How do you treat the word size (or is it sized?) when it’s used in combination with other words as an adjective? Here’s a rundown of the options, with judgments about the best bets.
The combination of mid with size is treated in various combinations: as midsize, mid-size, midsized, and mid-sized. The most prevalent form, logically — following the tendency to omit hyphens after prefixes and because omitting the second d is simpler than retaining it — is midsize. Medium-sized, however, prevails over medium-size; the hyphen is to be expected, because medium is an entire word, not just a prefix, like mid, but the retention of the final d is puzzling.
Midsize is the adjective of choice for vehicles, while medium-sized is much more likely to apply not only to entities such as businesses and organizations but also to most other products and objects.
And how should references to comparatively small or large phenomena be styled? Some people would follow the pattern by writing small-size or small-sized, or large-size or large-sized, but -size or -sized is redundant because small and large provide a frame of reference to the quality being discussed, whereas medium is vague enough to require the contextual clue of -sized, even when small and/or large are also employed in the passage. (A range should be rendered as follows: “Small to midsize cars were tested” or “The survey applied to small to medium-sized businesses.”)

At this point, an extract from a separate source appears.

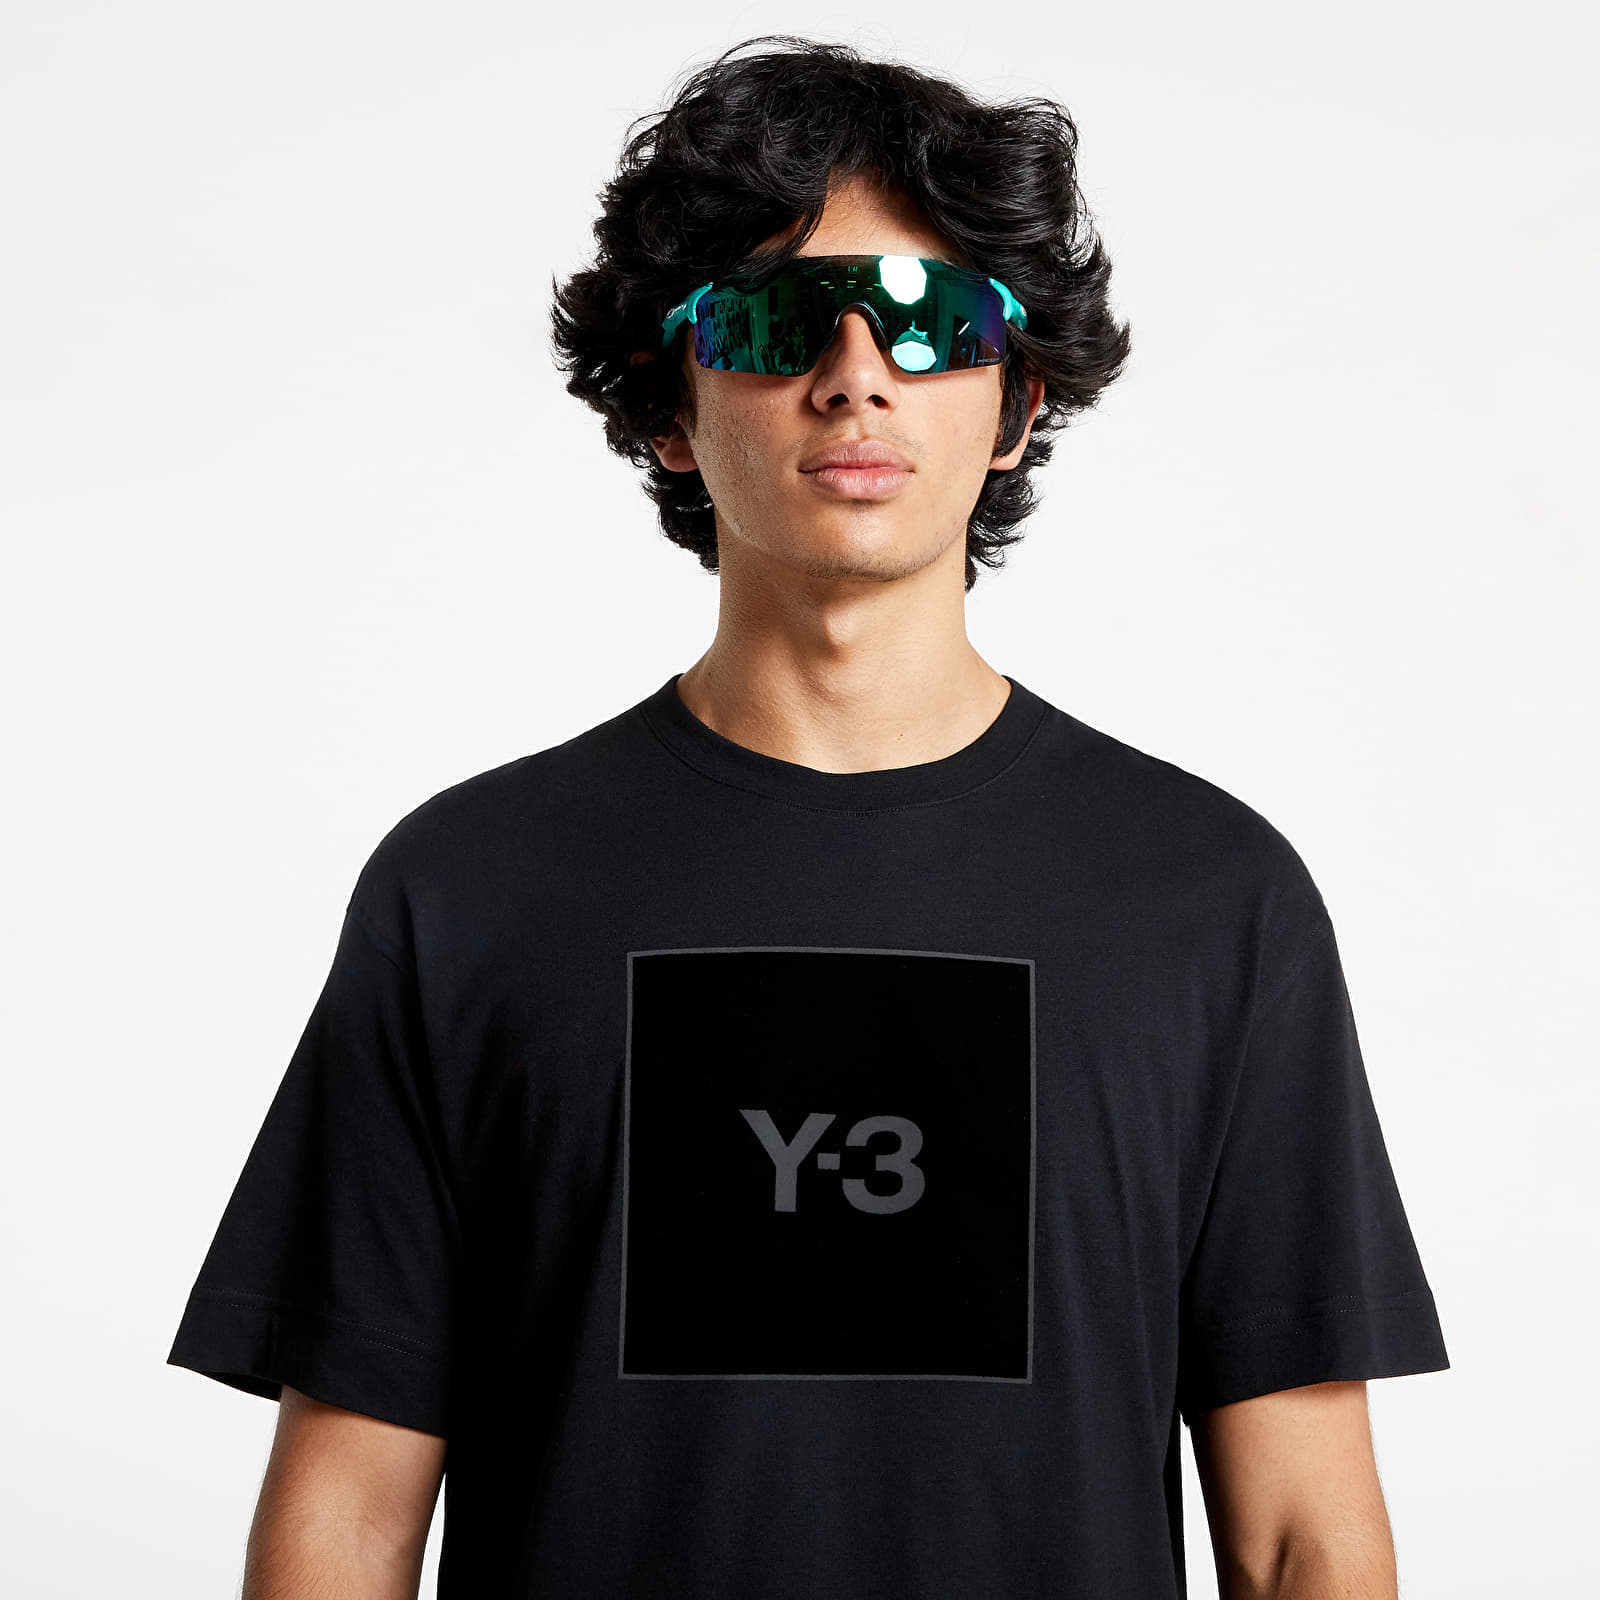  Μπλούζες Y-3 Square Label Graphic Short-Sleeved Tee Black

Words for bed sizes are expressed as, for example, king-size or king-sized. Merriam-Webster’s Collegiate Dictionary, probably the most widely consulted dictionary in the publishing industry, notes that king-size is prevalent, which is consistent with its entries for similarly constructed words, include bite-size, legal-size, life-size, man-size, plus-size, pocket-size, in which the -sized form is regarded as a variant.

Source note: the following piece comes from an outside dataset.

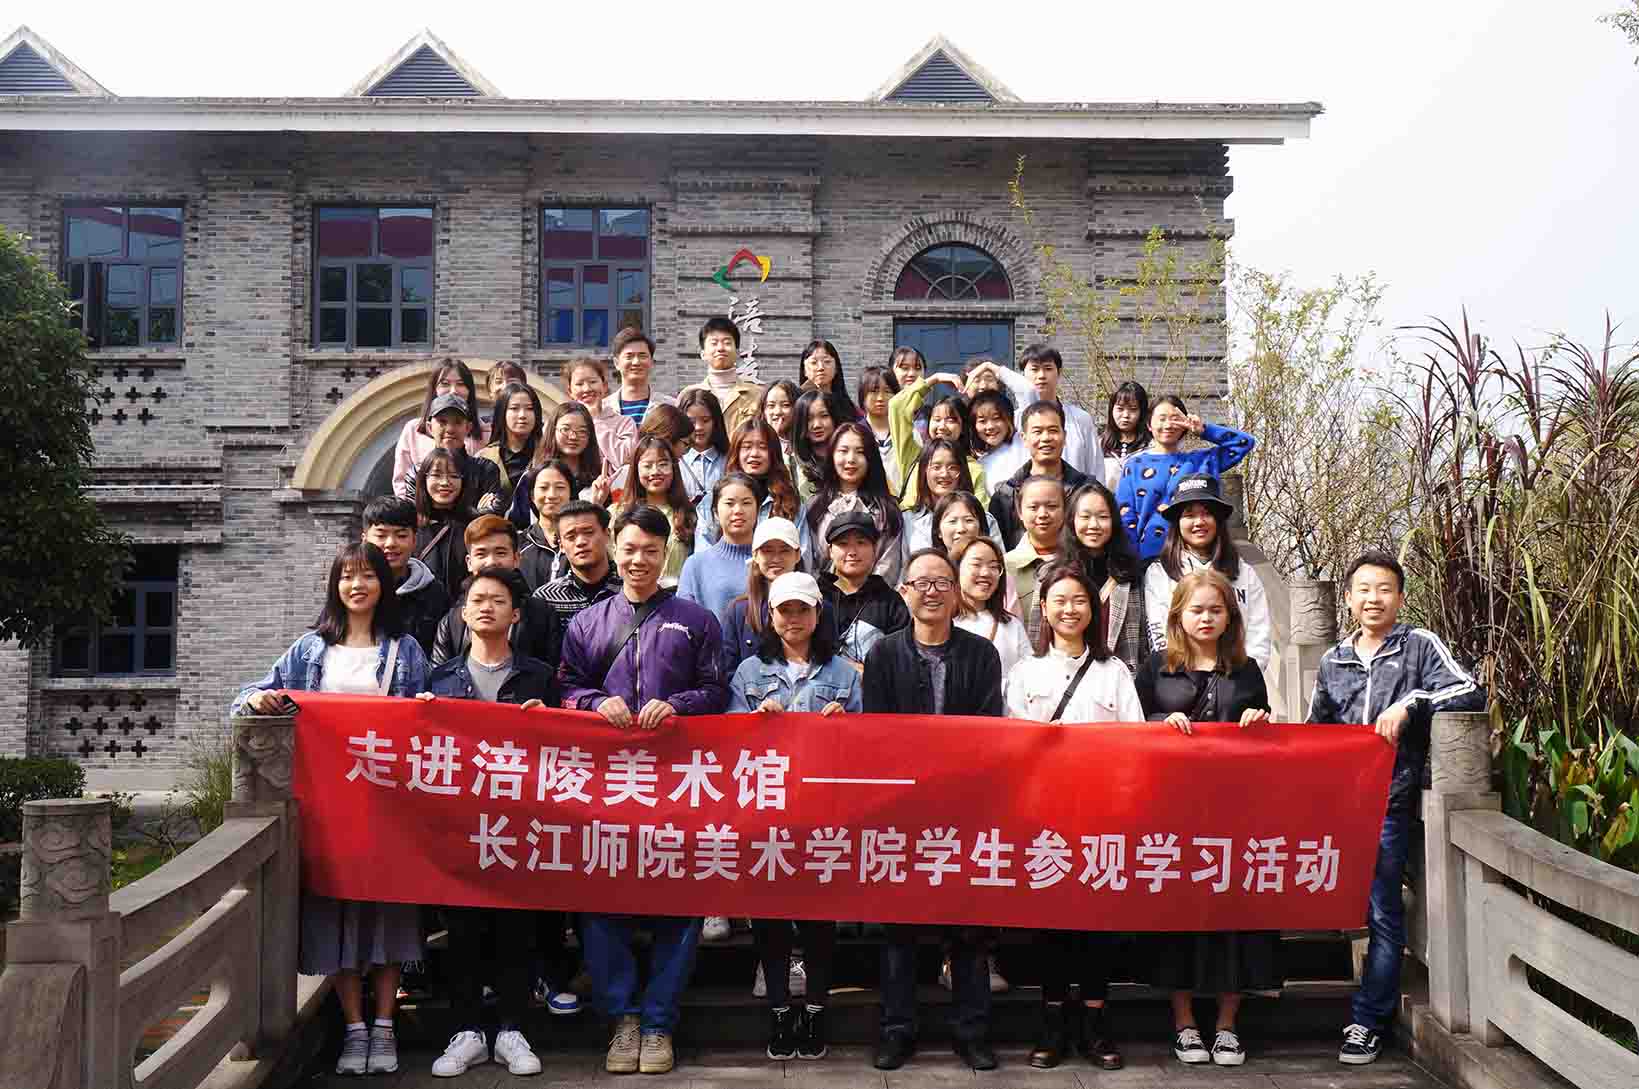 走进涪陵美术馆——长江师院美术学院学生参观学习活动

Similar terms, such as those in the sentences as “We watched a car-size boulder tumbling down the slope” or “A house-size depression appeared in the field,” can be created as needed. However, writers should take care in producing such constructions with less common references. “He approached the brick-size object as it hovered in front of him” is reasonable, because although bricks vary in size, most readers will probably think of the typical red clay building material. But “a dog-size creature” is vague because of the disparity of size among dog breeds, and “a cell phone–size device” may seem awkwardly constructed. (Try “a device the size of a cell phone” instead.)